Перекресток эстетических норм и форм. Имеются в виду традиция показа красивых тел, пластичных поз и движений даже при изображении страданий и предсмертных мучений персонажами картин: праведниками, святыми, самого Иисуса. Отказ от нее – изображение реалистичной (и потому, возможно, несколько шокирующей зрителя) физиологической реакции персонажей на то же самое, как и на другие болевые ощущения – "Распятие с мухами", "Самоубийство Иуды", "Балагула", "Обрезание".
Перекресток морально-этических норм – если не оправдания, то признания естественной нормы применения пыток, унижений, мучительной и длительной казни в виде наказания методами искусства.

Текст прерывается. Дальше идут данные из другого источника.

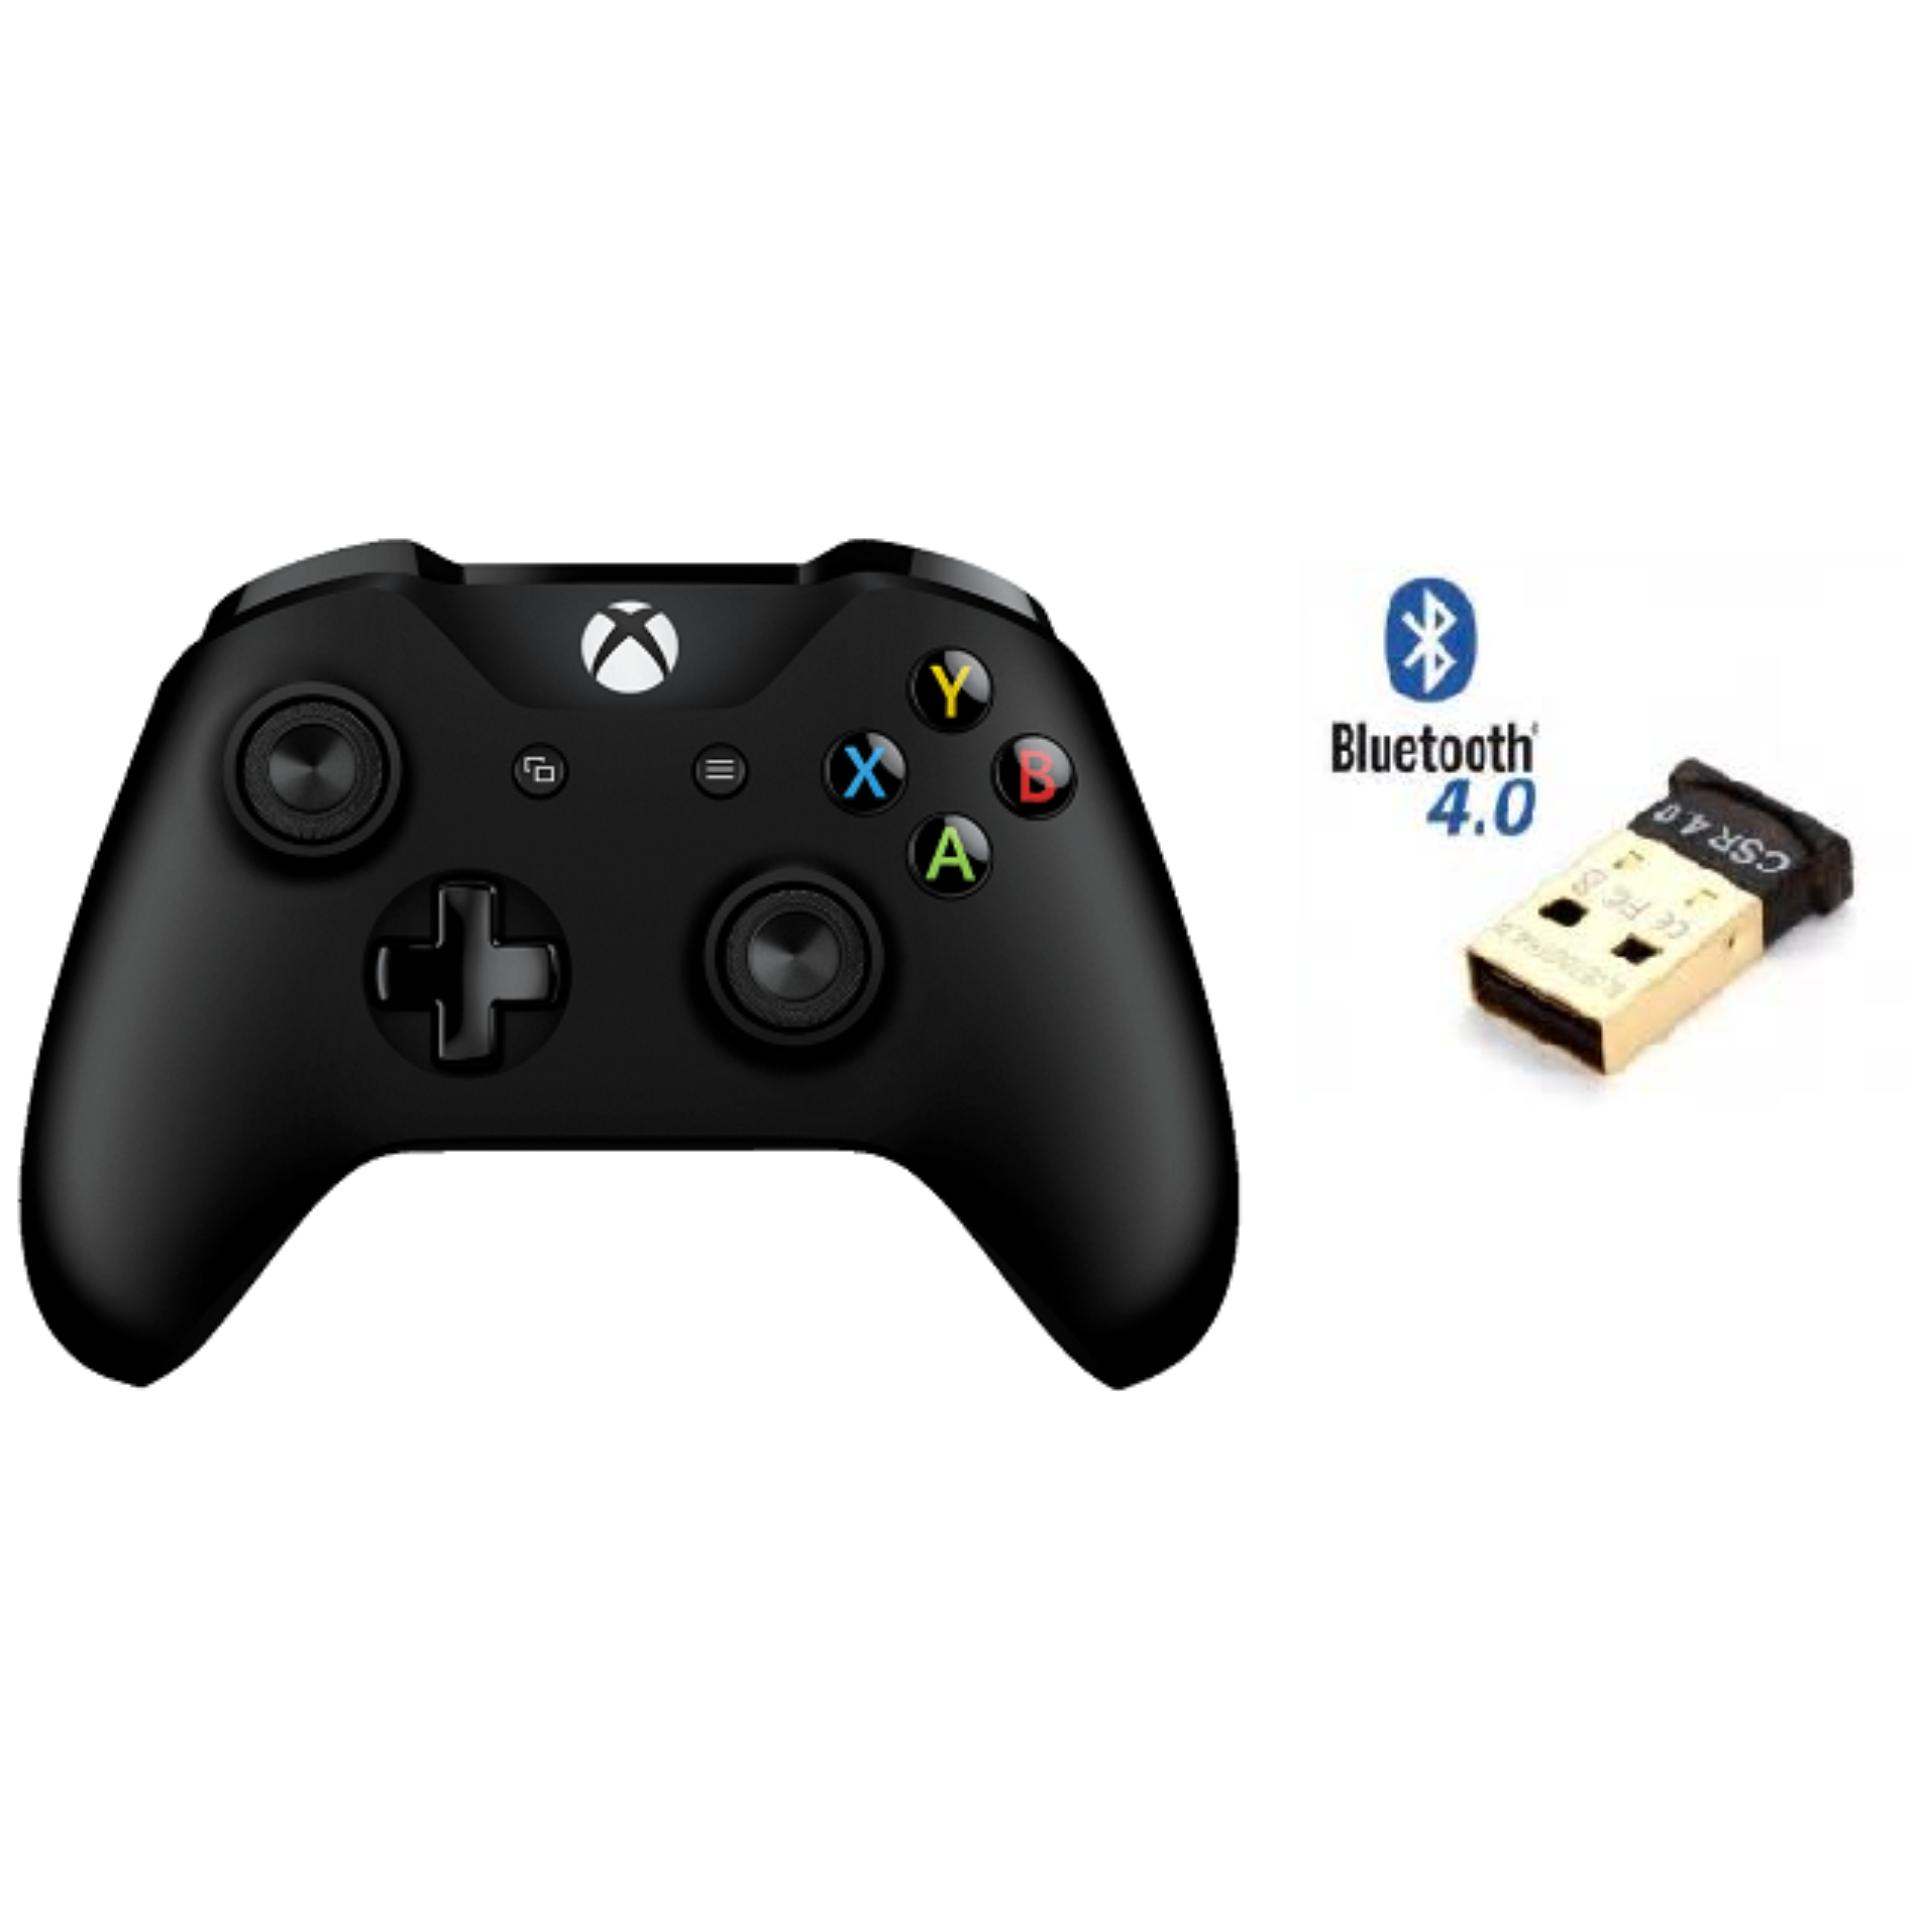 Tay cầm Xbox One S + USB bluetooth 4.0

Против – такое их изображение, которое вопиет о недопустимости подобных издевательств.
Перекресток привычных стандартных форм картин (прямоугольник, квадрат, круг, овал) с картинами неправильной формы – "Война/Рождение Иуды", "Нашествие динозавров /Динозавры в городе". Форма обеих картин не есть праздный каприз художника. "Война/Рождение Иуды" – все, что практически не затронуто тремя формообразующими элементами и идеей картины, не находится в пределах холста. Формообразующие элементы – выезд танка из бункера, одинокая рожающая женщина, едущий между этими событиями танк, крушащий на своем пути все подряд без разбора. Именно они преимущественно в поле внимания репортера.

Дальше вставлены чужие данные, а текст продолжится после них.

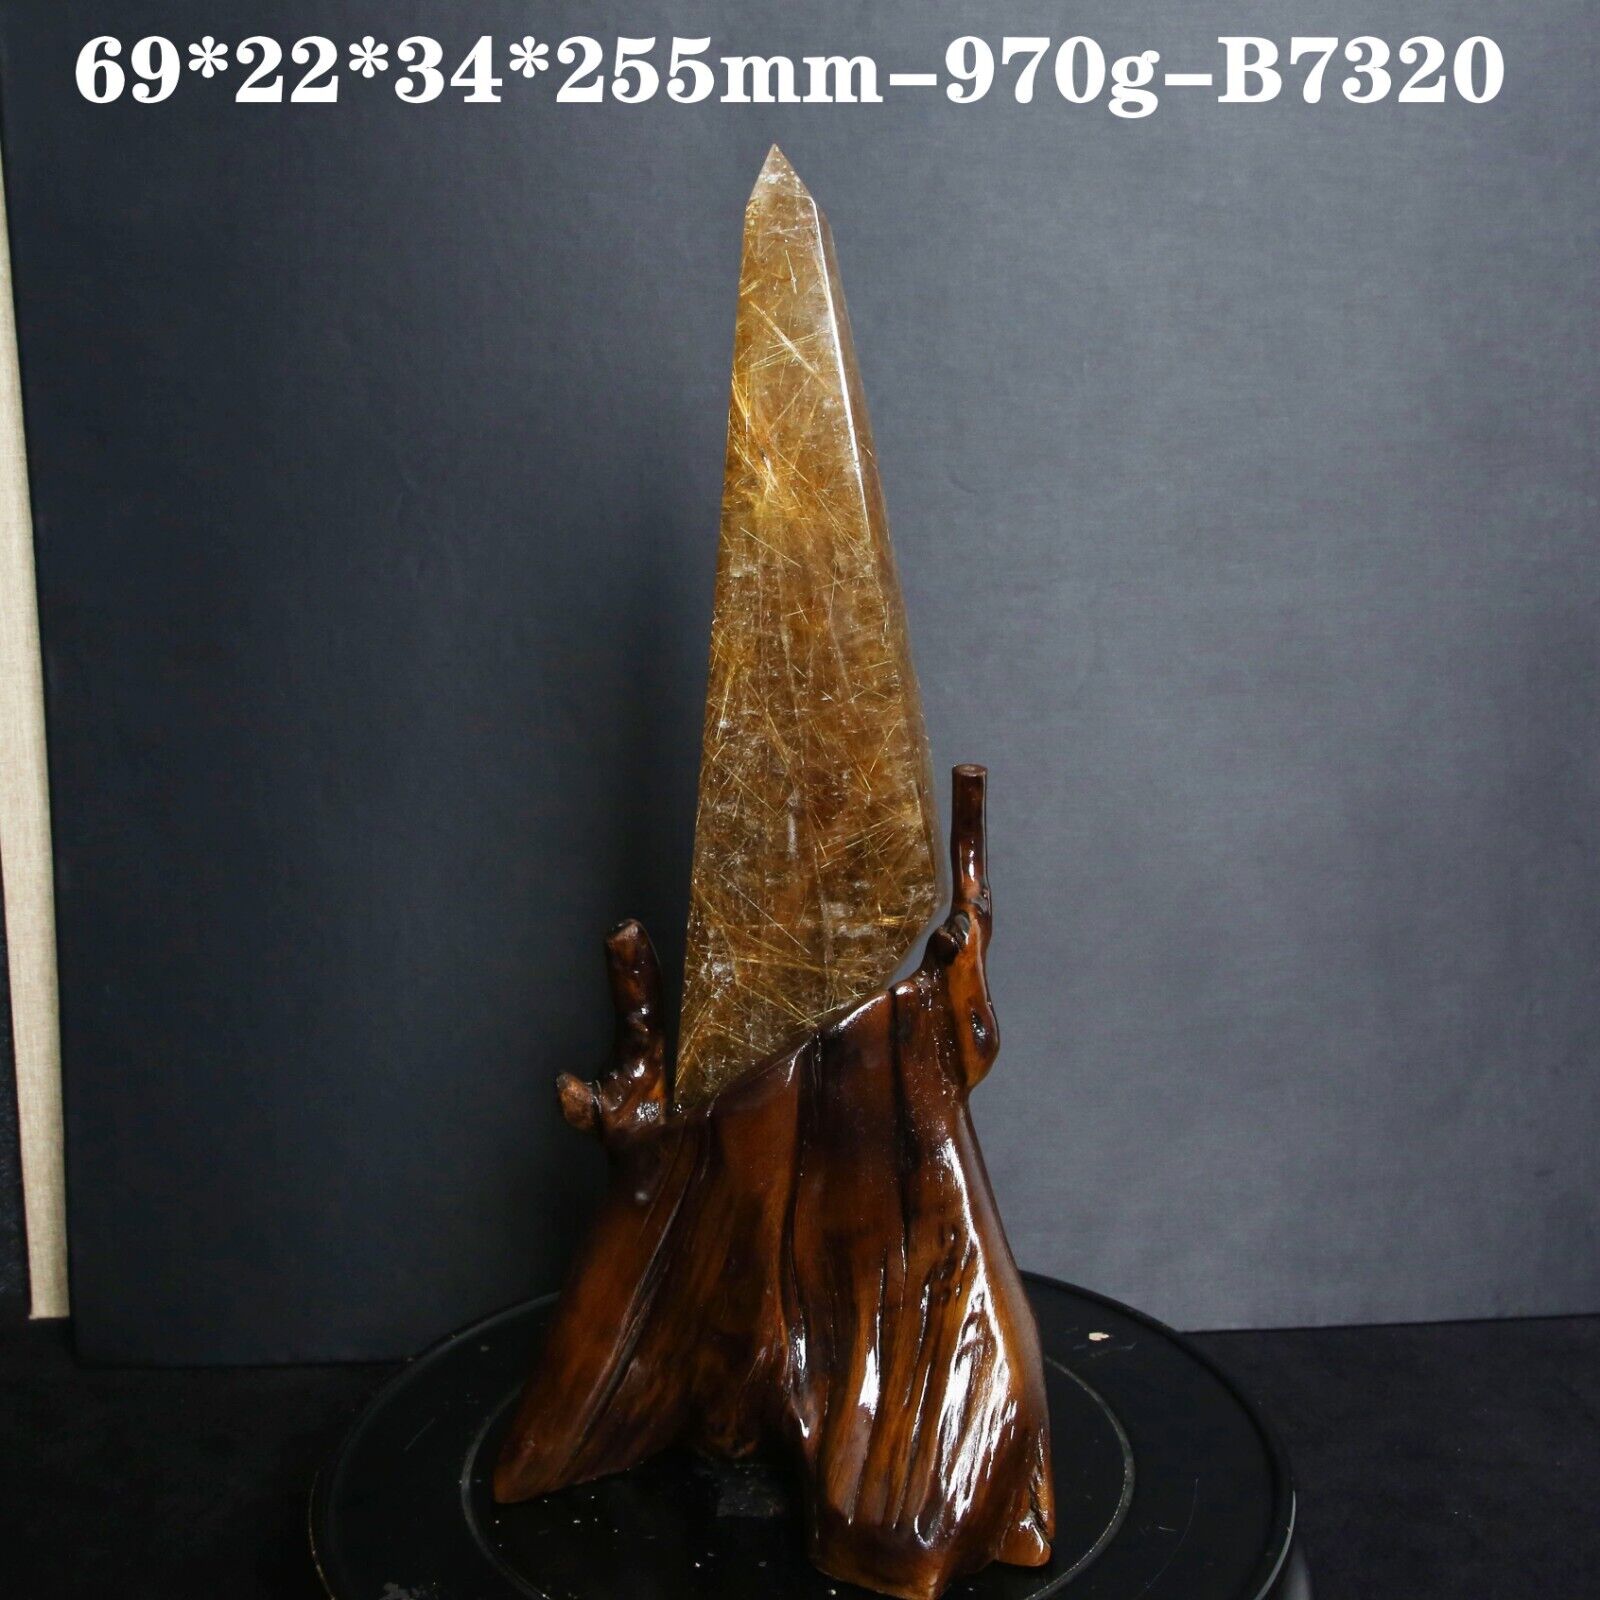 B7320-970g Rare NATURAL Copper Hair Rutilated Quartz Crystal Point Healing

"Нашествие динозавров/Динозавры в городе" – огромная картина, составленная из шести отдельных частей. Каждая из них может рассматриваться как самостоятельная работа, независимая от других частей. Но вся конструкция в собранном виде имеет огромный размер, совершенно неправильную геометрическую форму, абрис которой несколько сходен с формой какого-то чудовища – динозавра.
Перекресток отношения к картине как к экспонату, заведомо рассчитанному на отдаленное смотрение с отношением возможного соучастника или непосредственного зрителя происходящего на картине, знающего и могущего судить самостоятельно обо всем.
Скорее всего, есть еще некоторое, и возможно немалое, количество перекрестков. Принцип, я надеюсь, понятен. Но еще один перекресток мне представляется действительно очень важным.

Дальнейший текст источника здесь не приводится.